Editor’s note: This post is part of an ongoing series looking back at the history of Google algorithm updates. Enjoy!
In 2012, Google officially launched the “webspam algorithm update,” an algorithm specifically targeting link spam and manipulative link building practices.
The webspam algorithm later became known (officially) as the Penguin algorithm update via a tweet from Matt Cutts, who was then head of the Google webspam team. While Google officially named the algorithm Penguin, there is no official word on where this name came from.
The Panda algorithm name came from one of the key engineers involved with it, and it’s more than likely that Penguin originated from a similar source. One of my favorite Penguin naming theories is that it pays homage to The Penguin, from DC’s Batman.
Minor weather report: We pushed 1st Penguin algo data refresh an hour ago. Affects <0.1% of English searches. Context: http://t.co/ztJiMGMi
— Matt Cutts (@mattcutts) May 26, 2012
Prior to the Penguin algorithm, link volume played a larger part in determining a webpage’s scoring when crawled, indexed, and analyzed by Google.
This meant when it came to ranking websites by these scores for search results pages, some low-quality websites and pieces of content appeared in more prominent positions of the organic search results than they should have.
Why Google Penguin Was Needed
Google’s war on low-quality started with the Panda algorithm, and Penguin was an extension and addition to the arsenal to fight this war.
Penguin was Google’s response to the increasing practice of manipulating search results (and rankings) through black hat link building techniques. Cutts, speaking at the SMX Advanced 2012 conference, said:
We look at it something designed to tackle low-quality content. It started out with Panda, and then we noticed that there was still a lot of spam and Penguin was designed to tackle that.
The algorithm’s objective was to gain greater control over, and reduce the effectiveness of, a number of black hat spamming techniques.
By better understanding and process the types of links websites and webmasters were earning, Penguin worked toward ensuring that natural, authoritative and relevant links rewarded the websites they pointed to, while manipulative and spammy links were downgraded.
Penguin only deals with a site’s incoming links. Google only looks at the links pointing to the site in question and does not look at the outgoing links at all from that site.
Initial Launch & Impact
When Penguin first launched in April 2012, it affected more than 3 percent of search results, according to Google’s own estimations.
Minor weather report: We pushed 1st Penguin algo data refresh an hour ago. Affects <0.1% of English searches. Context: http://t.co/ztJiMGMi
— Matt Cutts (@mattcutts) May 26, 2012
Penguin 2.0, the fourth update (including the initial launch) to the algorithm was released in May 2013, and affected roughly 2.3 percent of all queries.

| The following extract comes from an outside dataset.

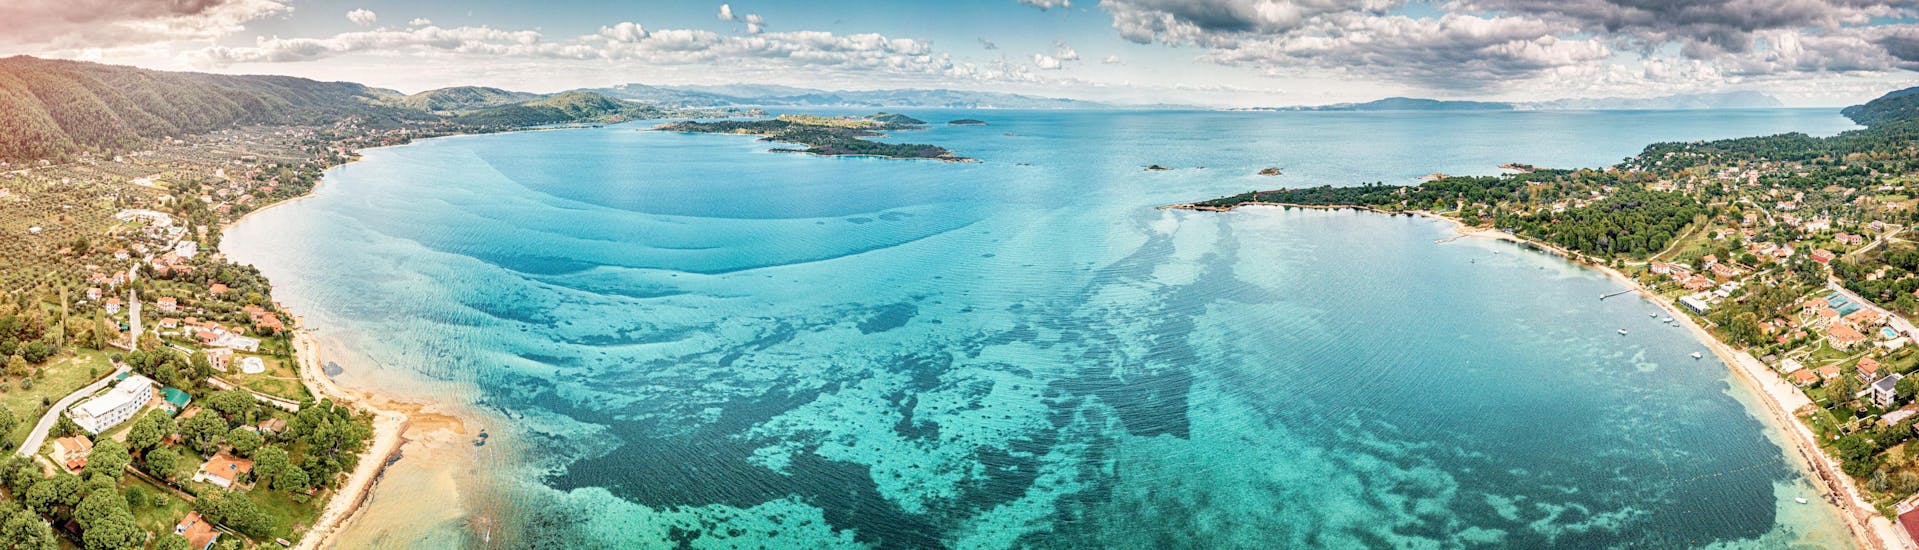 Panoramisch uitzicht vanuit de lucht op azuurblauwe lagune en paradijselijke baai met majestueuze patronen op een zeeplank.

Key Google Penguin Updates & Refreshes
There have been a number of updates and refreshes to the Penguin algorithm since it was launched in 2012, and possibly a number of other tweaks that have gone down in history as unknown algorithm updates.
Google Penguin 1.1: March 26, 2012
This wasn’t a change to the algorithm itself, but the first refresh of the data within it.
In this instance, websites that had initially been affected by the launch who had been proactive in clearing up their link profiles saw some recovery, while others who hadn’t been caught by Penguin first time round saw an impact.
Google Penguin 1.2: October 5, 2012
This was another data refresh. It affected queries in the English language, as well as affected international queries.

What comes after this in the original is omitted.